Given as such in that text, and as Morinehtar/Rómestámo elsewhere.

Originally posted by quanchi112
I don't since the movie has to differ from the books but to each his own.

No...it doesn't "have to differ" from the book. Instead of changing the entire lore of the universe, why not just stick with the actual plot of the book(s)?

quanchi112
Originally posted by The Rover
Given as such in that text, and as Morinehtar/Rómestámo elsewhere.



No...it doesn't "have to differ" from the book. Instead of changing the entire lore of the universe, why not just stick with the actual plot of the book(s)? Its a movie it is never going to be exactly the same. Ever.

Lord Lucien
It doesn't need to be exactly the same. But it also doesn't need to be stretched thin in to three films for the sake of bailing out New Line Cinema's multi-billion dollar debt. It's one, small, children's novel about a midget that's being pulled in to an epic, grandiose, trilogy. The Hobbit was never any of that, and it's film incarnation--in an attempt to be both those things--is suffering for it. The film felt forced and contrived, and this is why.

It's not bad because it's different from the book (so was LotR, and it was f*cking awesome), it's bad despite being different from the book. ("Bad" may be a little harsh, but the sentiment stands).

quanchi112
Originally posted by Lord Lucien
It doesn't need to be exactly the same. But it also doesn't need to be stretched thin in to three films for the sake of bailing out New Line Cinema's multi-billion dollar debt. It's one, small, children's novel about a midget that's being pulled in to an epic, grandiose, trilogy. The Hobbit was never any of that, and it's film incarnation--in an attempt to be both those things--is suffering for it. The film felt forced and contrived, and this is why.

It's not bad because it's different from the book (so was LotR, and it was f*cking awesome), it's bad despite being different from the book. ("Bad" may be a little harsh, but the sentiment stands). I enjoyed it very much so. Opinions vary as do ours.

C-3POTheClever
Originally posted by Lord Lucien
I don't mind when a book is so big and detailed that you have cut stuff just to be able to fit in to a movie, especially when it's a trilogy--movie per book. But I do mind when one children's book is too small to be stretched in to a trilogy, so they have to needlessly change things and introduce forced scenes for the sake of padding/fan service.
But the fact is that if thwey had done it the way Tolkian had originally written it, fans of the LOTR film trilogy (who haven't read the Hobbit book) would go into it excpecting another erpic LOTR movie, but end up with just a kds story about a Hobbit on an adventure. The added stuff has more relavence to TLOTR so it makes the Hobbit fit in better with TLOTR. Also, the extra scene's, etc added character development. There was hardly any of that for the dwarfs (with the exception of Thorin) in the book. Anyway, wasn't most of the stuff that they added still written by Tolkian? Wasn't it from the Unfinished Tales or something?

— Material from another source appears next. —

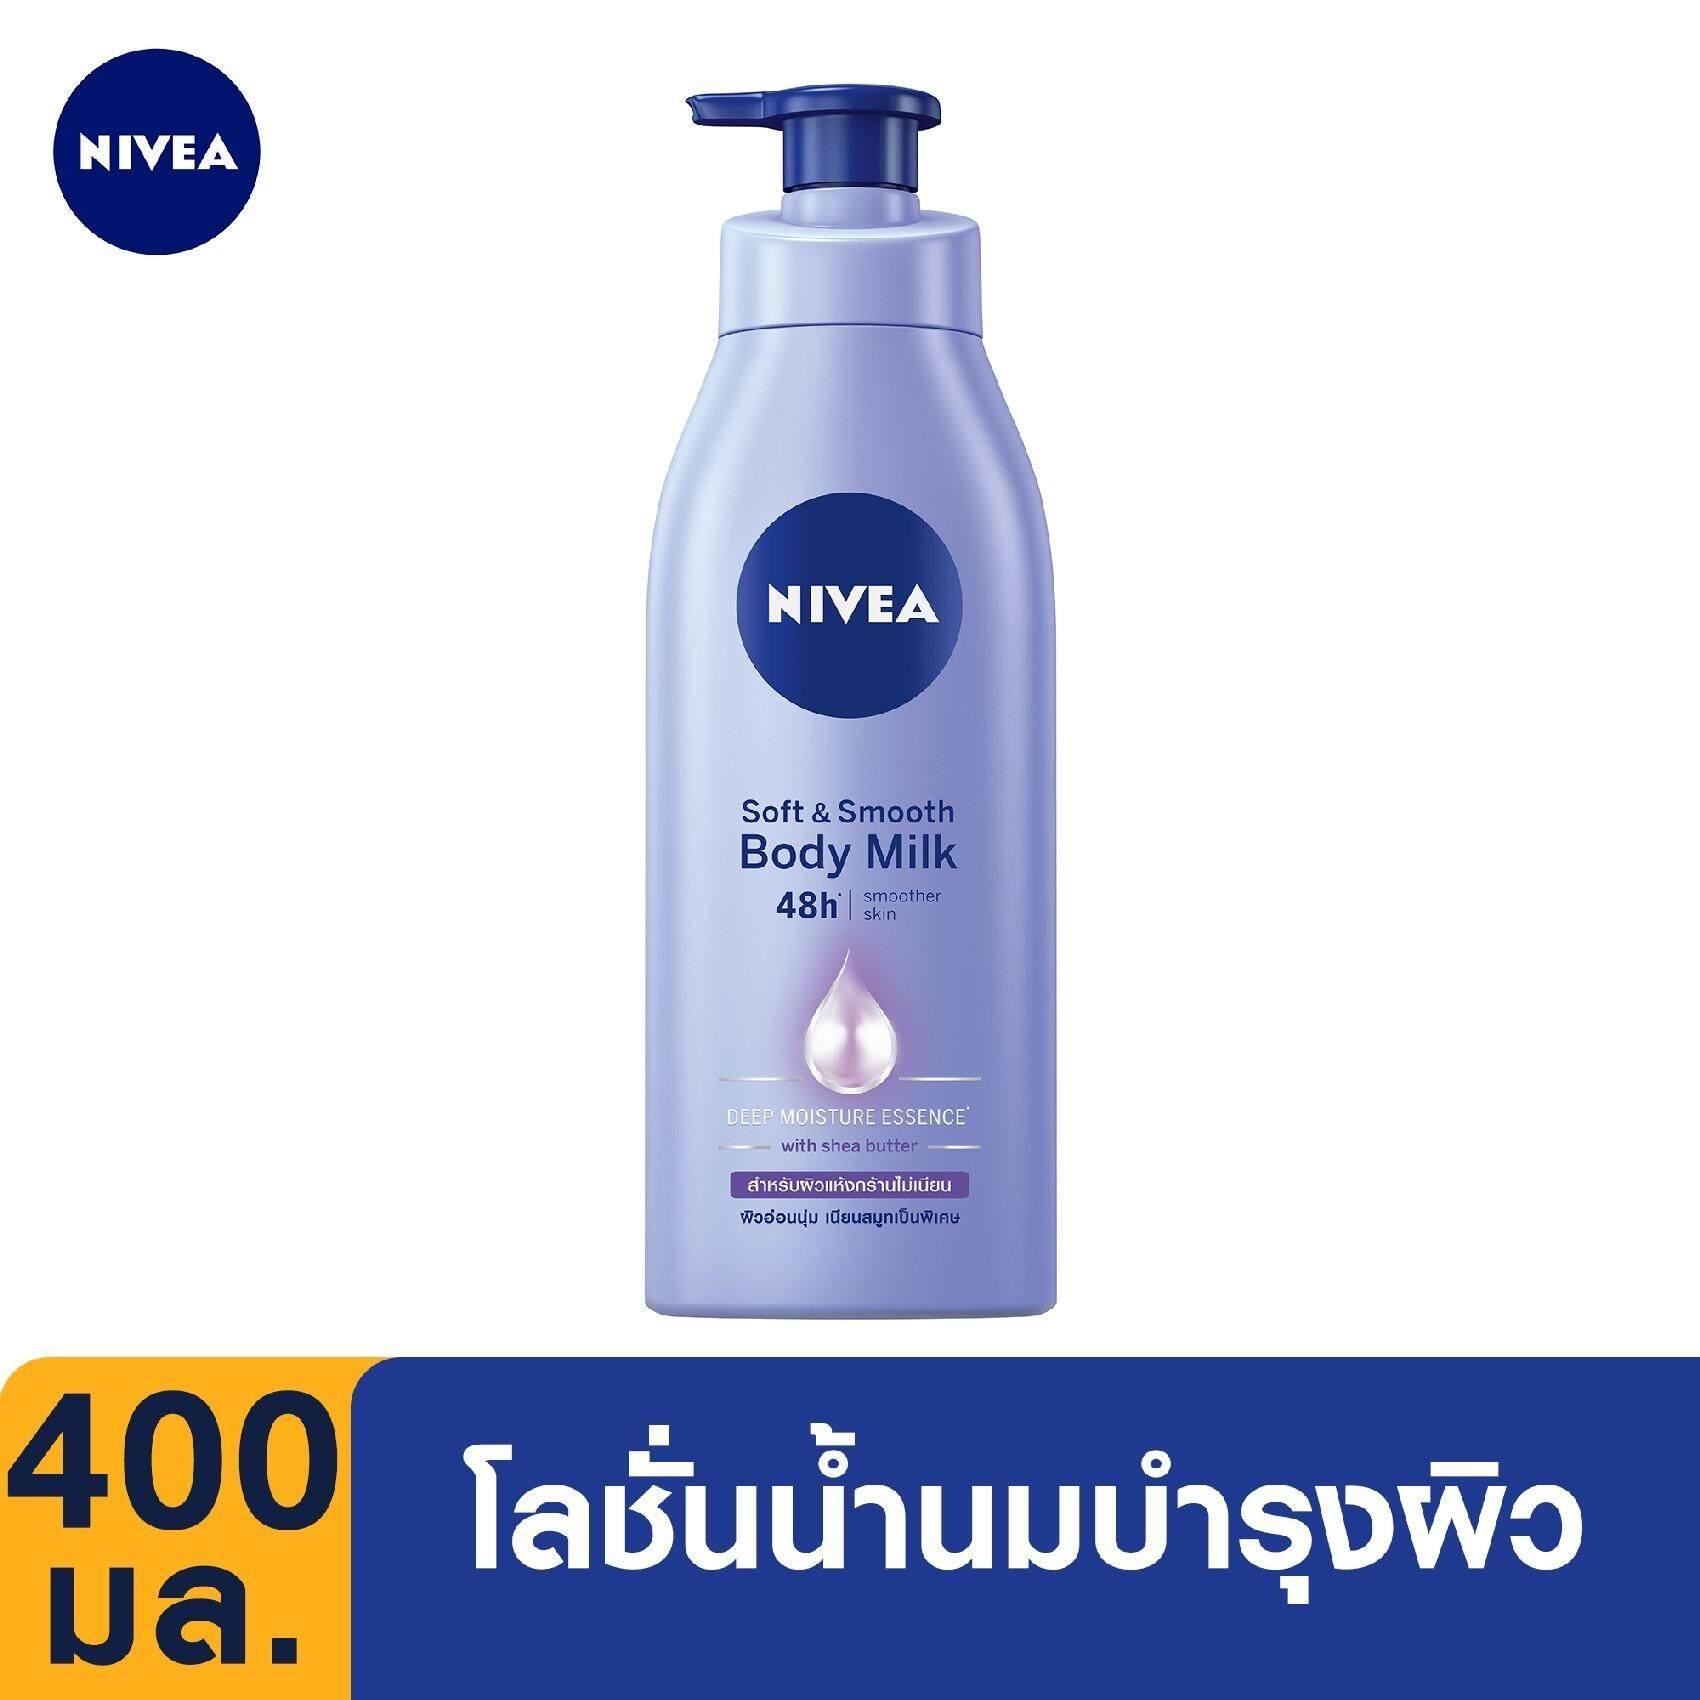 นีเวีย ซอฟท์ แอนด์ สมูท บอดี้ มิลค์ 400 มล. NIVEA Soft and Smooth Body Milk 400 ml. (Lotion, Body Lotion, Whitening Lotion, Body Moisturizer, ครีมทาผิว,ครีมบำรุง,ครีมทาผิวกาย) ของแท้

So it's not like he just added a load of random stuff that wasn't even written by Tolian.

Lord Lucien
Being epic isn't a bad thing, and using pre-existing Tolkien lore isn't a bad thing. Per se.

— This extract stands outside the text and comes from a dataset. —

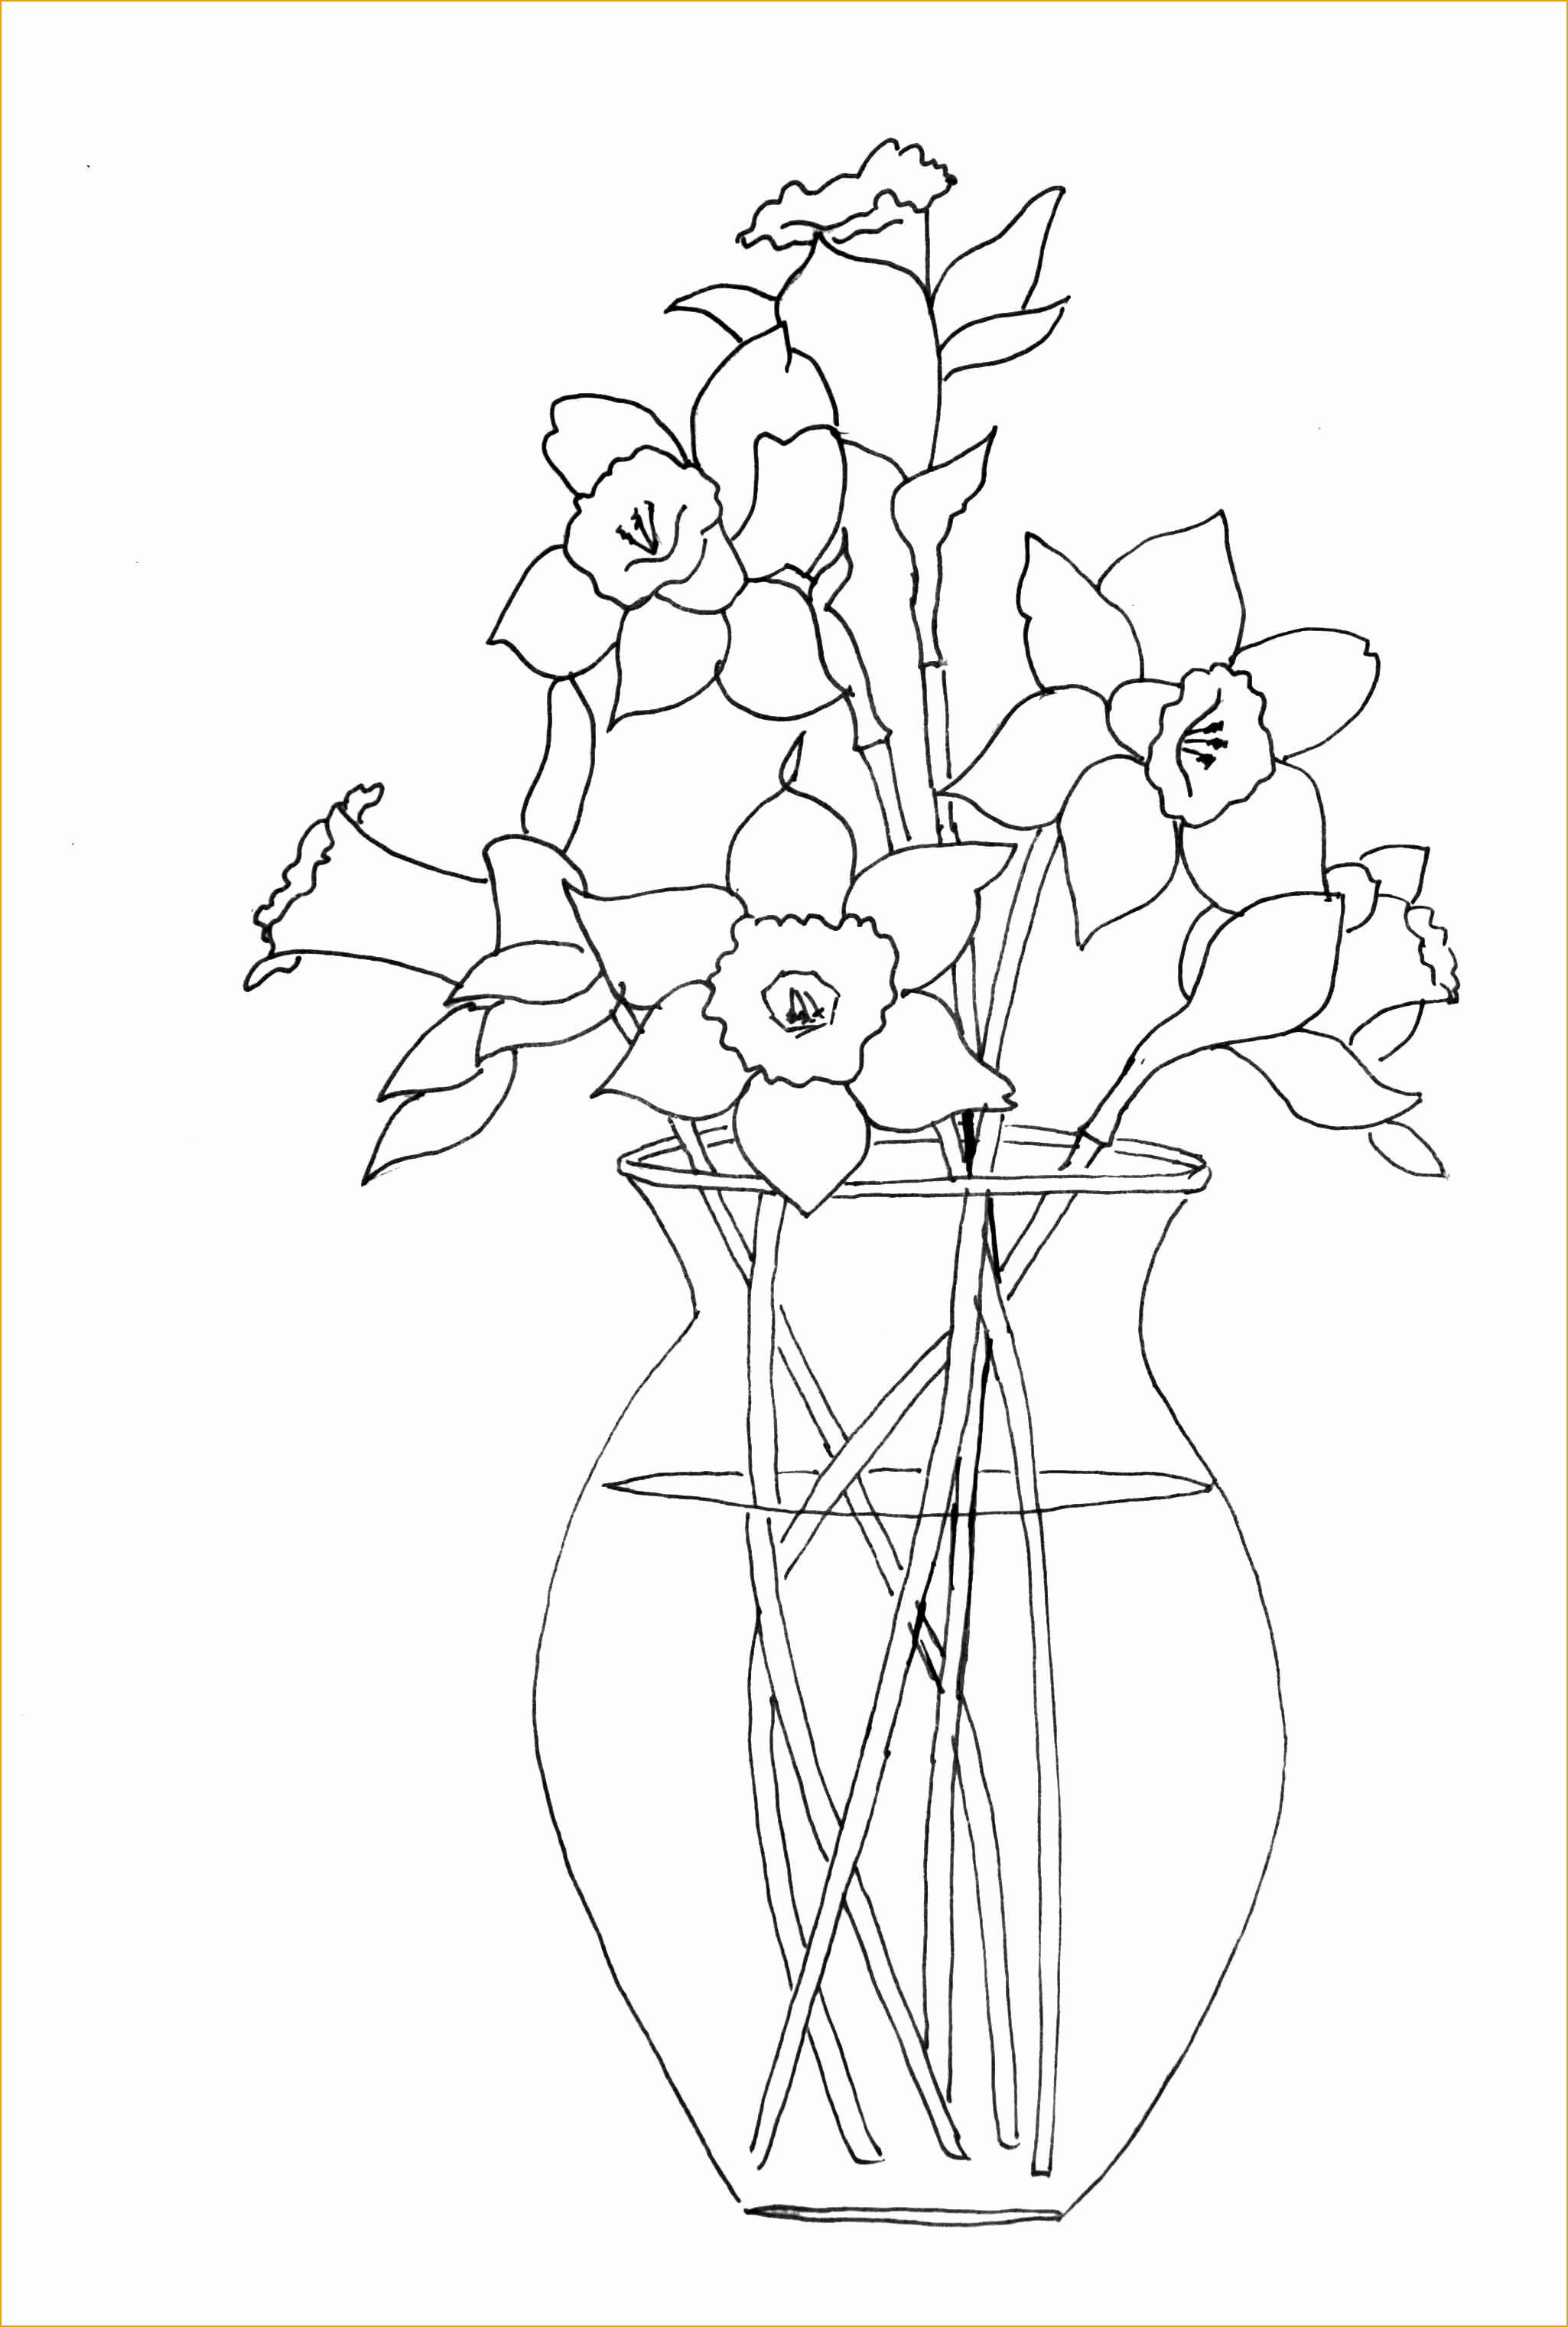 Tranh tô màu lọ hoa đơn giản

They 1.) stretched a small story too long, and 2.) tried to recapture the LotR's epic grandiosity in a story that was neither epic nor grandiose. So that means the running time had to be padded with lore, strife and drama had to be concocted between the characters, a handsome main character had to compete for screen time with the actual main character, and the dark, serious tones had to be juxtaposed against a core simpleness--it wasn't a good contrast.

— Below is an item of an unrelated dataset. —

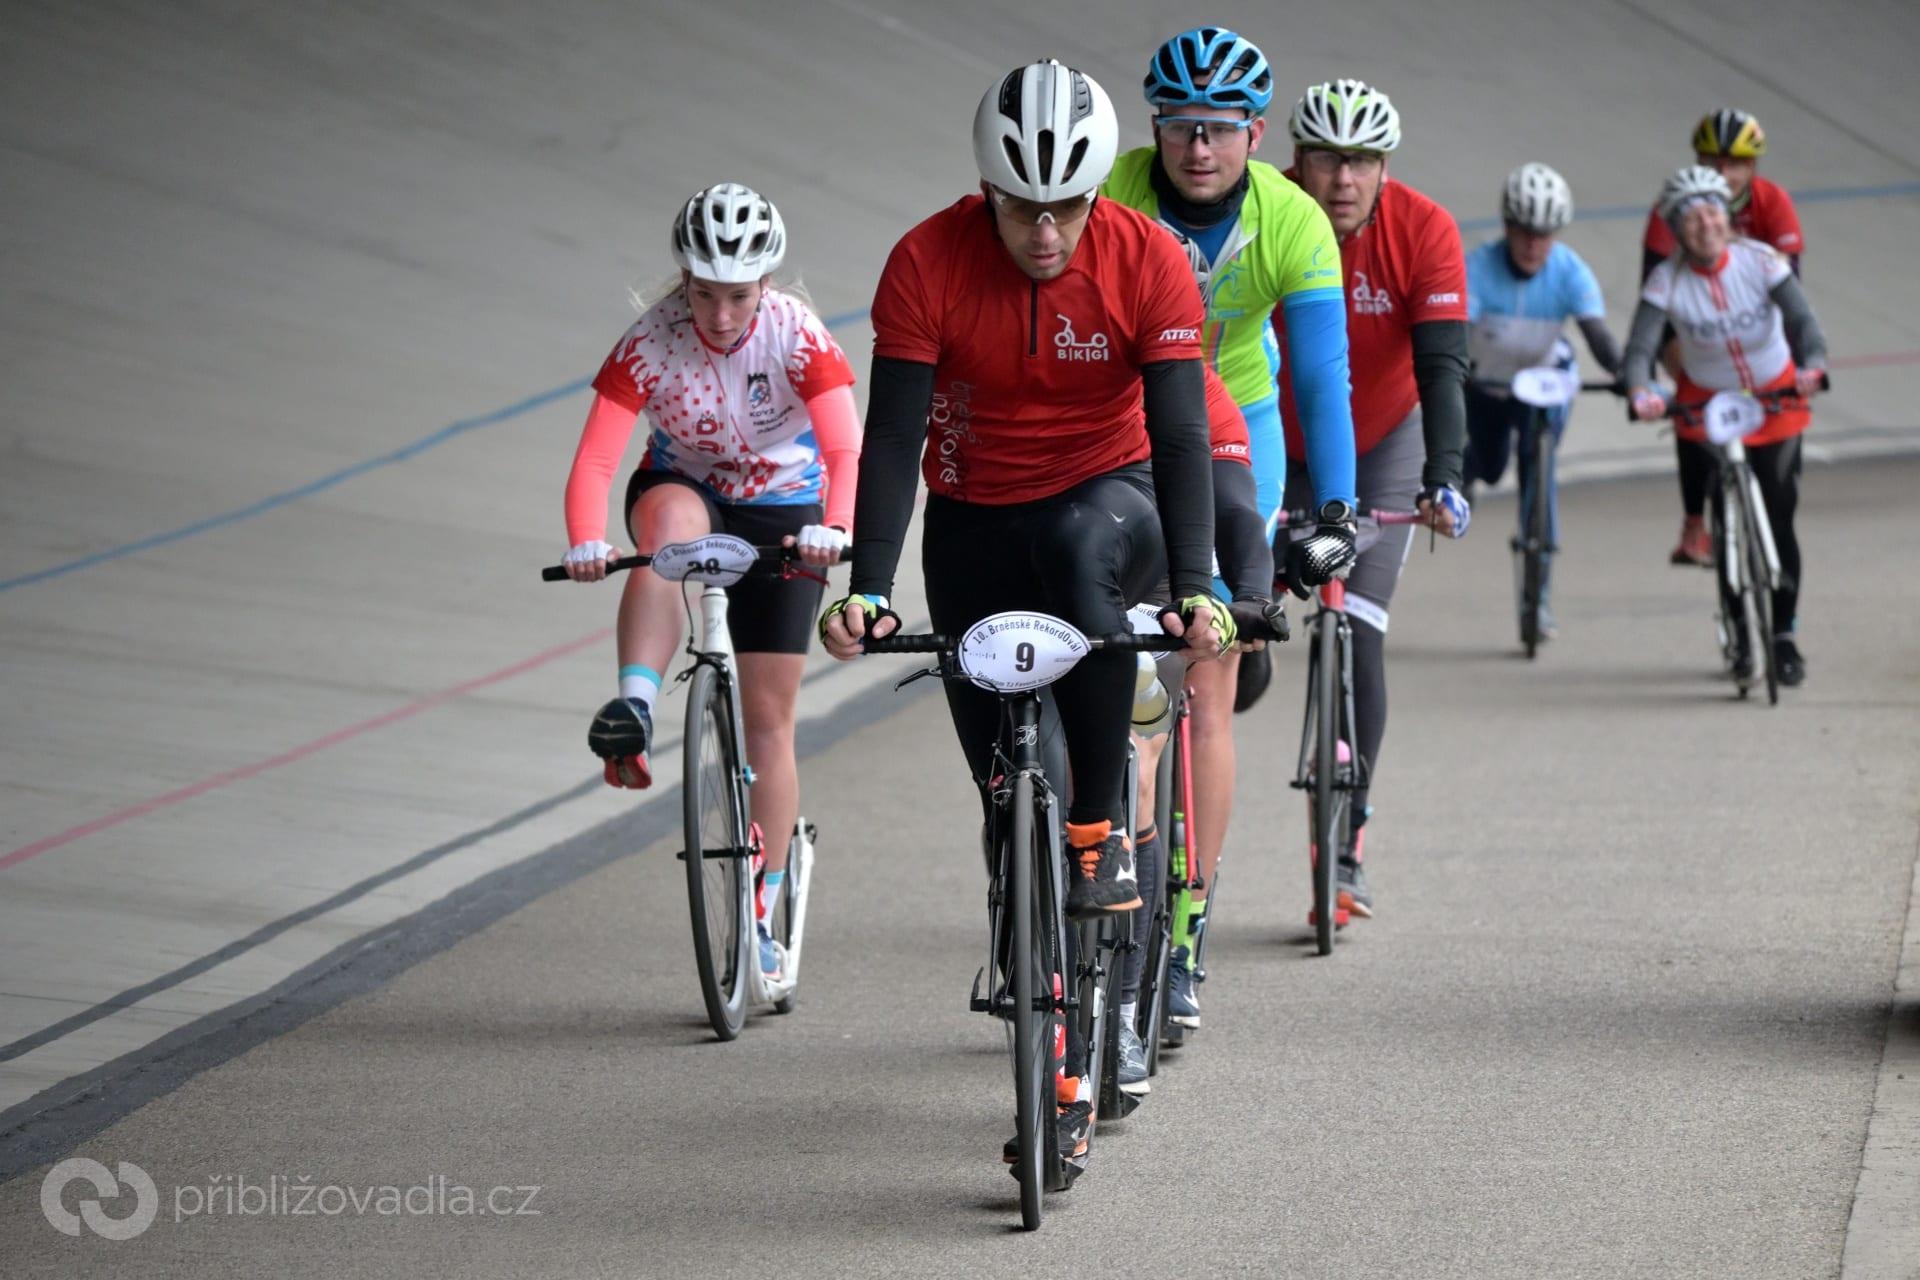 Ladislav Mandelík (9 | BKG) vede skupinu stíhající Romana Matyáše v závodu B21. Vlevo první žena Andrea Zbožková (38 | Lipník Dragons)

"Changes" are okay. "Different interpretations" are okay. But if those changes and interpretations aren't executed properly, you end up with The Hobbit. Much of the film felt forced--the Rivendell scene and anything to do with Thorin especially. I was cringing way too much at this film. All the nods to the lore felt like watching a bad Family Guy episode where they explain the reference--just to make sure you got it. And the drama--with Thorin in particular--felt so goddamn contrived and unnecessary. All for the sake of creating pointless drama that the overall story and Bilbo--you know, THE HOBBIT--doesn't require.

Vensai
There were two blue ones, but they were sent off elsewhere.